The three structurally dissimilar constituents of the ABC uptake porters have generally arisen from a common ancestral porter system with minimal shuffling of constituents between/domain constituents is almost always the same. However the rates of sequence divergences differ drastically with the extracytoplasmic solute-binding receptors diverging most rapidly, the integral-membrane, channel-forming constituents diverging at an intermediate rate, and the cytoplasmic ATP-hydrolyzing constituents diverging most slowly. Thus, all ATP-hydrolyzing constituents are demonstrably homologous, but this is not true for the integral membrane constituents or the receptors. Nevertheless, clustering patterns are generally the same for all three types of proteins, and 3-dimensional structural data suggest that, in spite of their extensive sequence divergence, the extracytoplasmic solute-binding receptors are homologous to each other.
Unlike most of the known ABC transporters, ABCC1 (TC #3.A.1.208.8) has an additional membrane-spanning domain (MSD) at its amino terminus with a domain arrangement of MSD0-MSD1-NBD1-MSD2-NBD2. The additional MSD0 domain consists of five putative transmembrane segments with a predicted extracellular amino terminus. It has a U-shaped folding with the bottom of the U-structure facing cytoplasm and both ends in extracellular space. This U-shaped amino terminus probably functions as a gate to regulate the drug transport activity of human ABCC1 (Chen et al., 2006).
Polar lipid trafficking is essential in eukaryotic cells as membranes of lipid assembly are often distinct from final destination membranes. A striking example is the biogenesis of the photosynthetic membranes (thylakoids) in plastids of plants. Lipid biosynthetic enzymes at the endoplasmic reticulum and the inner and outer plastid envelope membranes are involved. This compartmentalization requires extensive lipid trafficking. Mutants of Arabidopsis disrupt the incorporation of endoplasmic reticulum-derived lipid precursors into thylakoid lipids.

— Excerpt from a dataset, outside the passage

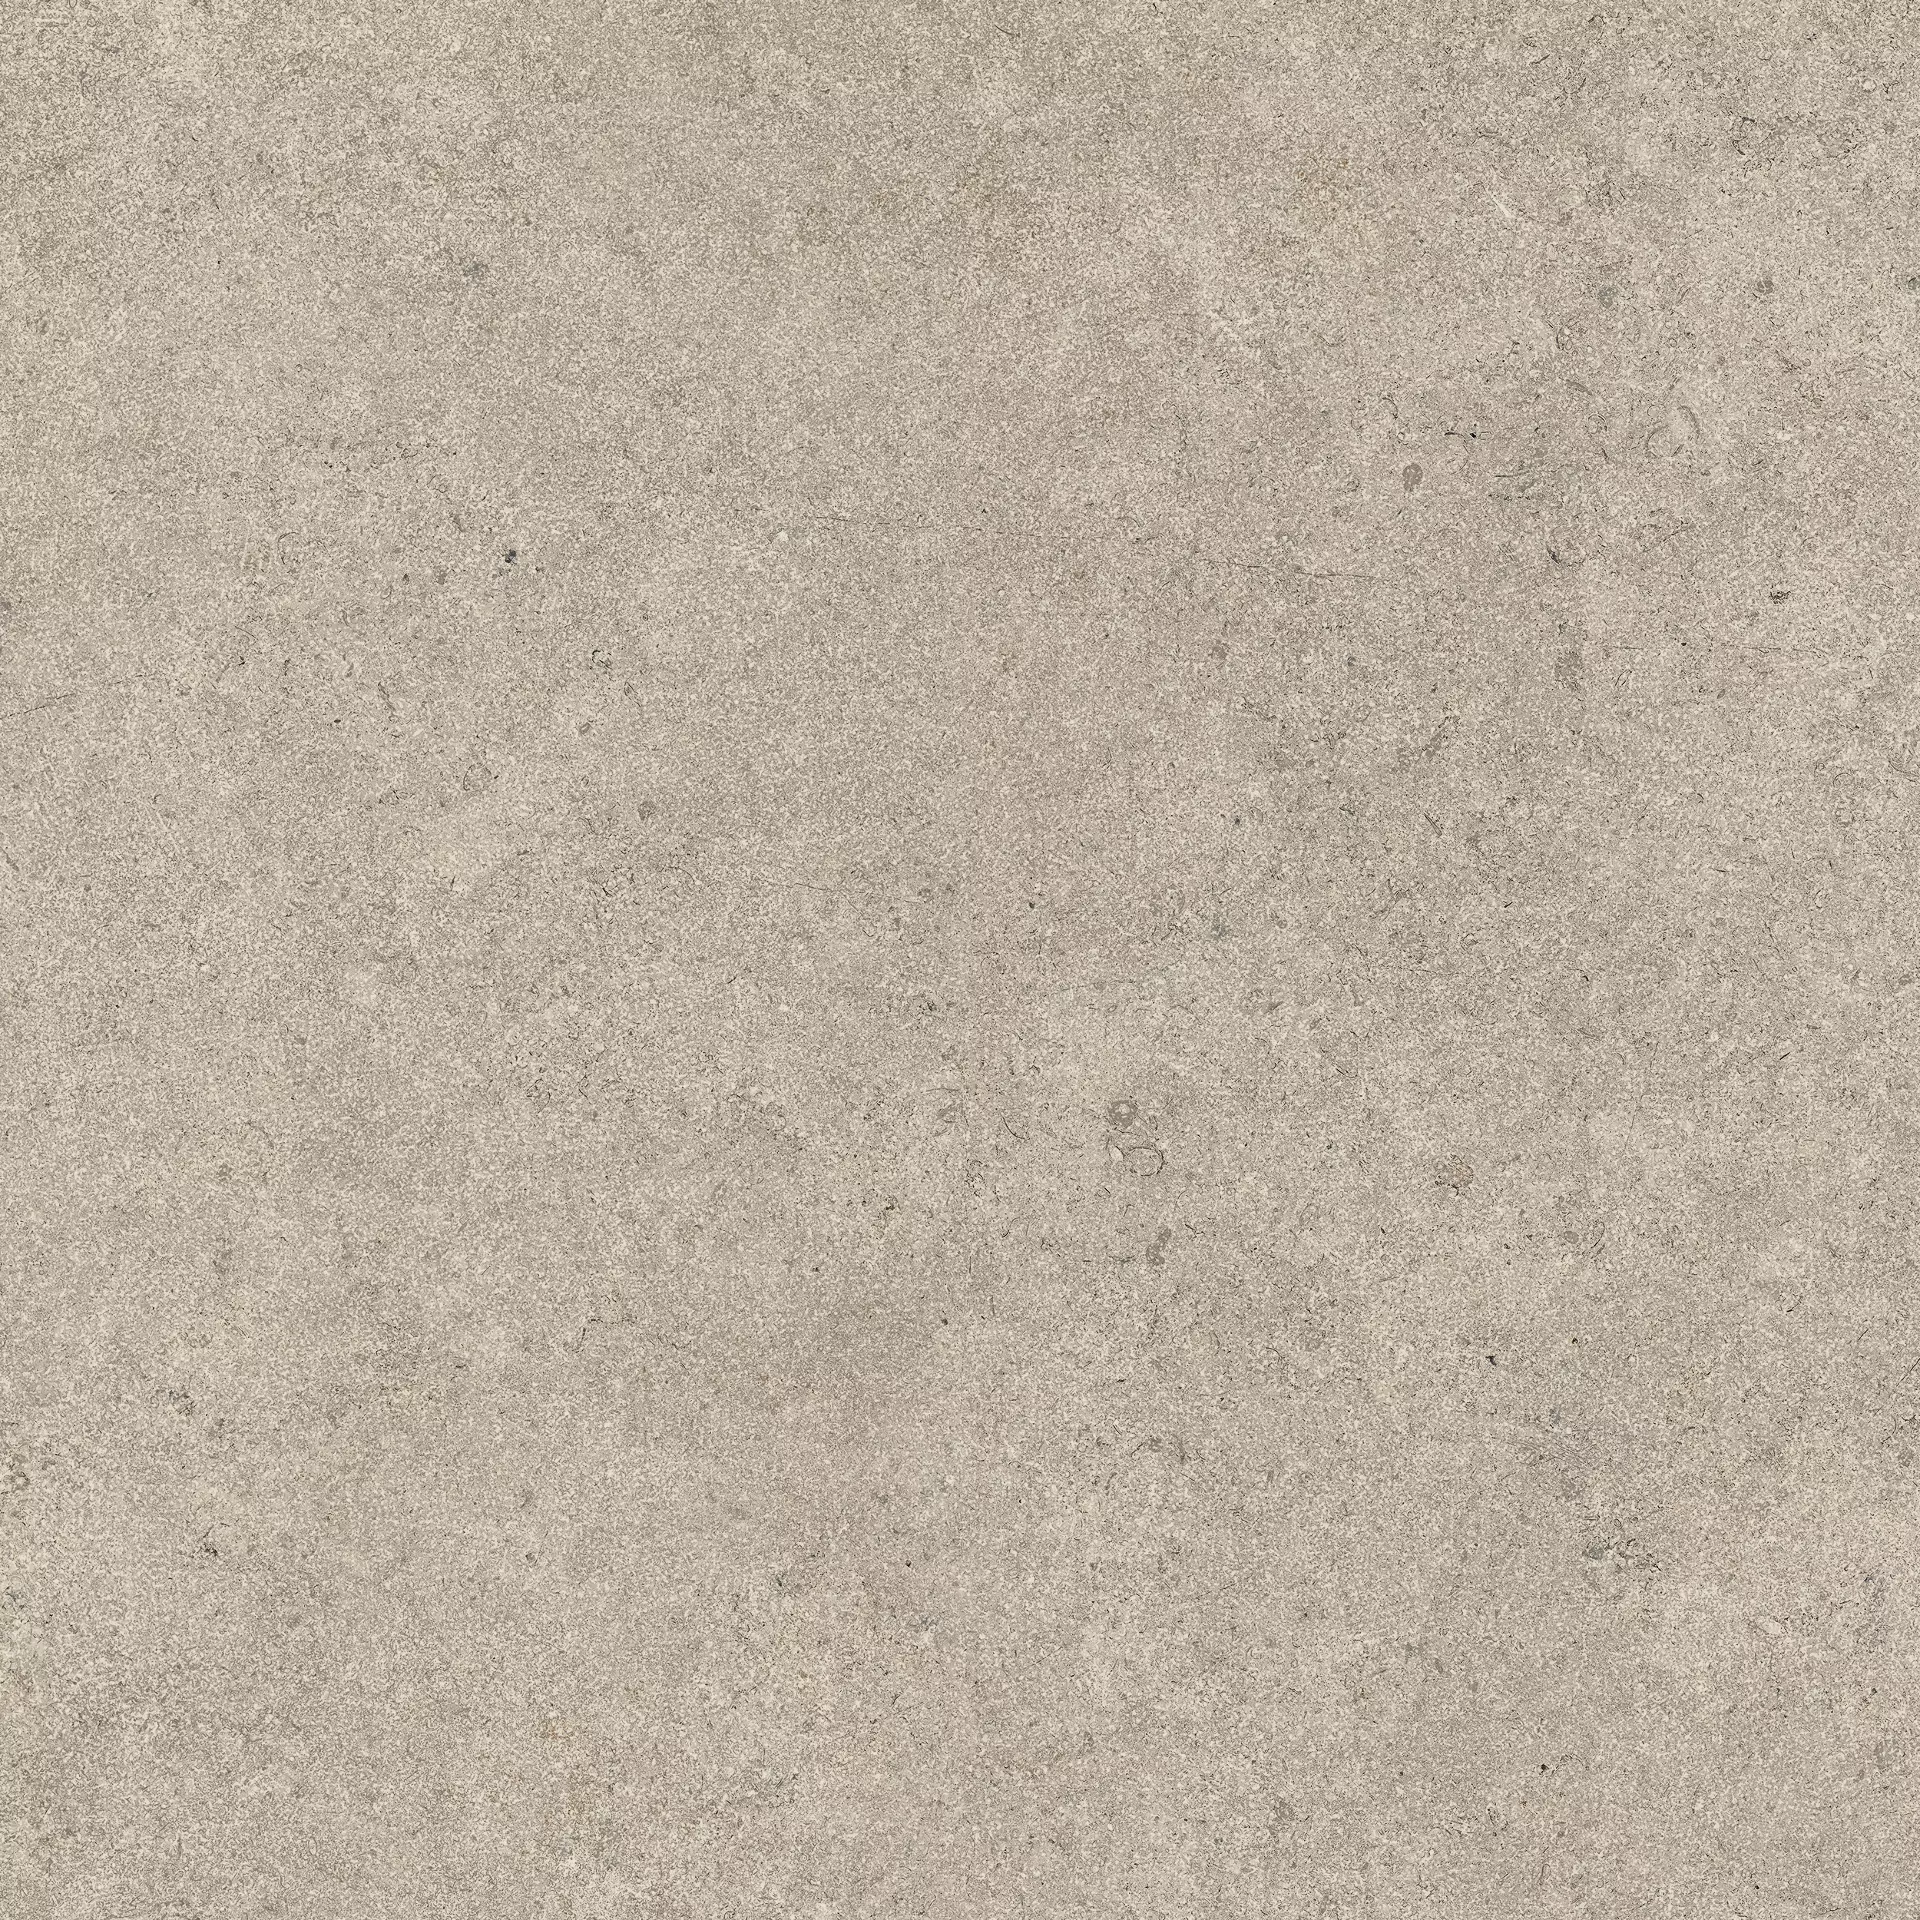 Cottodeste Pura Sand Rolled Protect EGWPR35 60x60cm rectified 14mm

Two proteins affected in two of these mutants, trigalactosyldiacylglycerol 1 (TGD1) and TGD2, encode the permease and substrate binding component, respectively, of a proposed lipid translocator at the inner chloroplast envelope membrane. A third protein, TGD3, a small ABC-type ATPase, energizer transport. As in the tgd1 and tgd2 mutants, triacylglycerols and trigalactolipids accumulate in a tgd3 mutant. The TGD3 protein shows basal ATPase activity and is localized inside the chloroplast beyond the inner chloroplast envelope membrane. Proteins orthologous to TGD1, -2, and -3 are predicted to be present in Gram-negative bacteria, and the respective genes are organized in operons suggesting a common biochemical role for the gene products. The Tgd1,2,3 system (TC#3.A.1.27.2) probably transfers ER-derived lipids to the thylakoid membrane (Lu et al., 2007). It is one of the few known eukaryotic uptake systems.

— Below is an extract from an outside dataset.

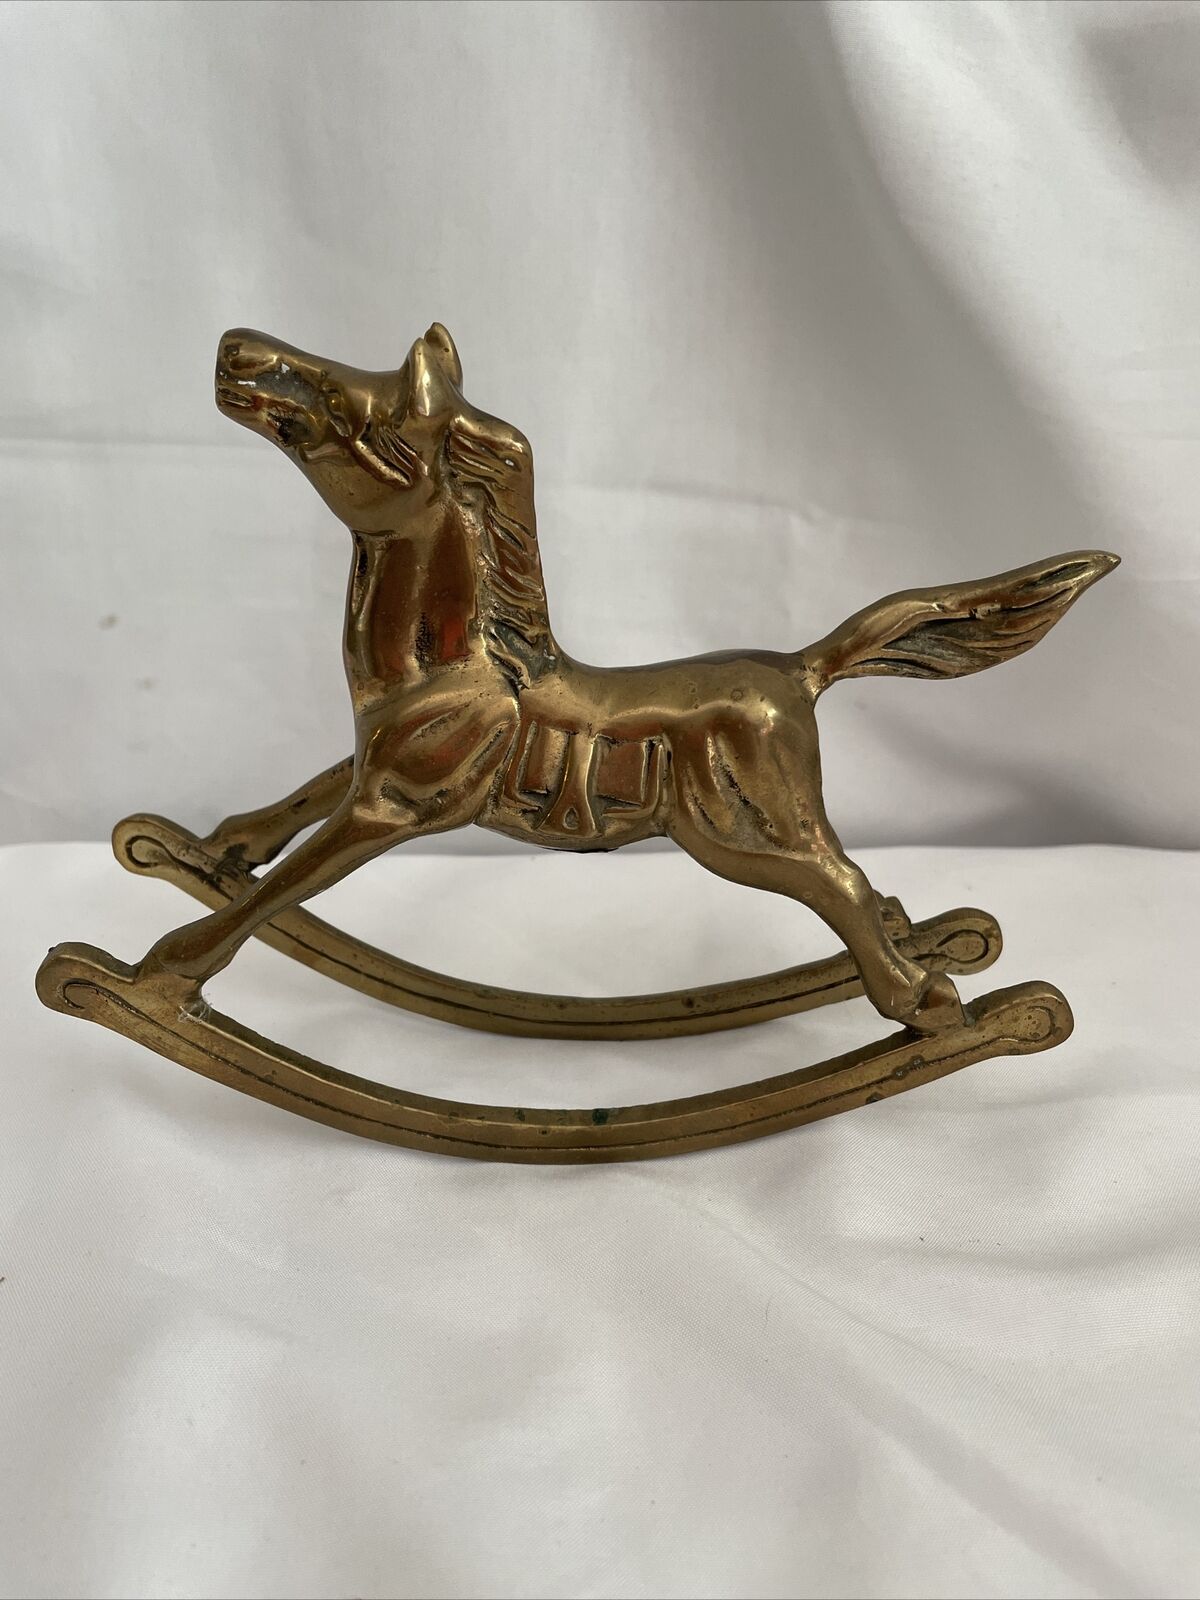 Vintage Collectible Heavy Solid Brass 7” Rocking Horse Pony Statue Figurine

Some transporters have a conserved transmembrane protein and two nucleotide binding proteins similar to those of ABC transporters. However, unlike typical ABC transporters (E.I. Sun & M.H. Saier, unpublished results), they use small integral membrane proteins that are postulated to capture specific substrates. Our studies have shown that both of these integral membrane protein constituents of these systems are distantly related but homologous, and in this respect they resemble typical ABC porters. We postulate that these two transmembrane proteins comprise the pathway for transmembrane transport.

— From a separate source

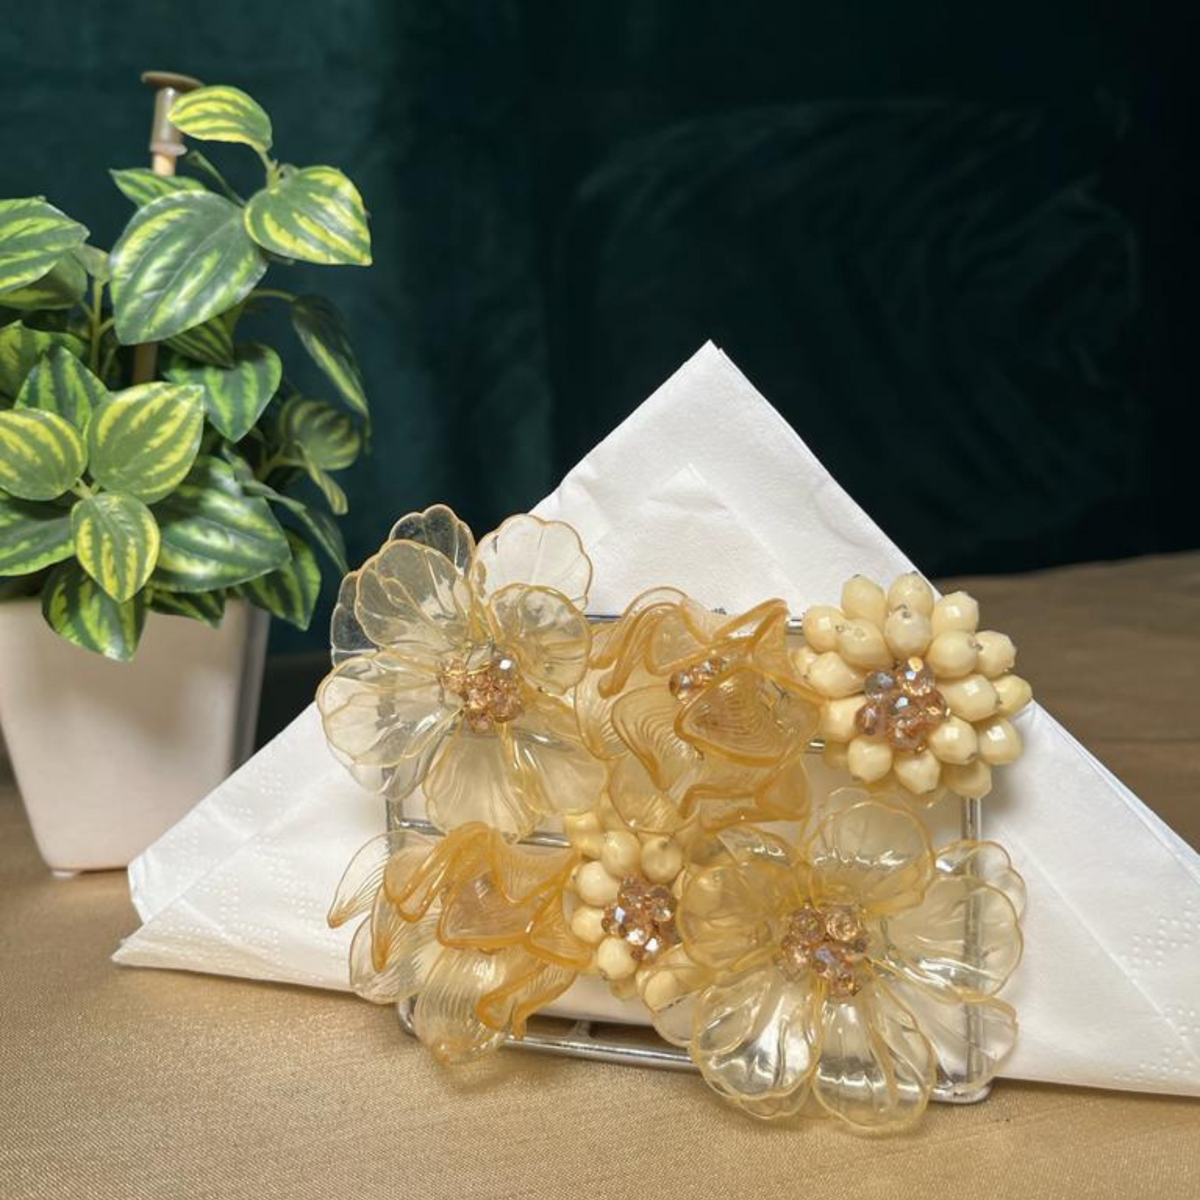 The LuxeLife Yellow Floral Tissue Holder

Rodionov et al., 2009 identified 21 families of these substrate capture proteins, each with a different specificity predicted by genome context analyses. Roughly half of the substrate capture proteins (335 cases) examined by Rodionov et al., 2009 have a dedicated energizing module, but in 459 cases distributed among almost 100 gram-positive bacteria, different and unrelated substrate capture proteins share the same energy-coupling module. The shared use of energy-coupling modules was experimentally confirmed for folate, thiamine, and riboflavin transporters. Rodionov et al., 2009 proposed the name energy-coupling factor transporters for the new class of putative ABC membrane transporters. These membrane proteins are homologues to ABC-2 exporters. When evidence is minimal for association with an ABC-type ATP-hydrolyzing subunit, these porters are placed in category 2.A (secondary carriers; e.g., 2.A.88).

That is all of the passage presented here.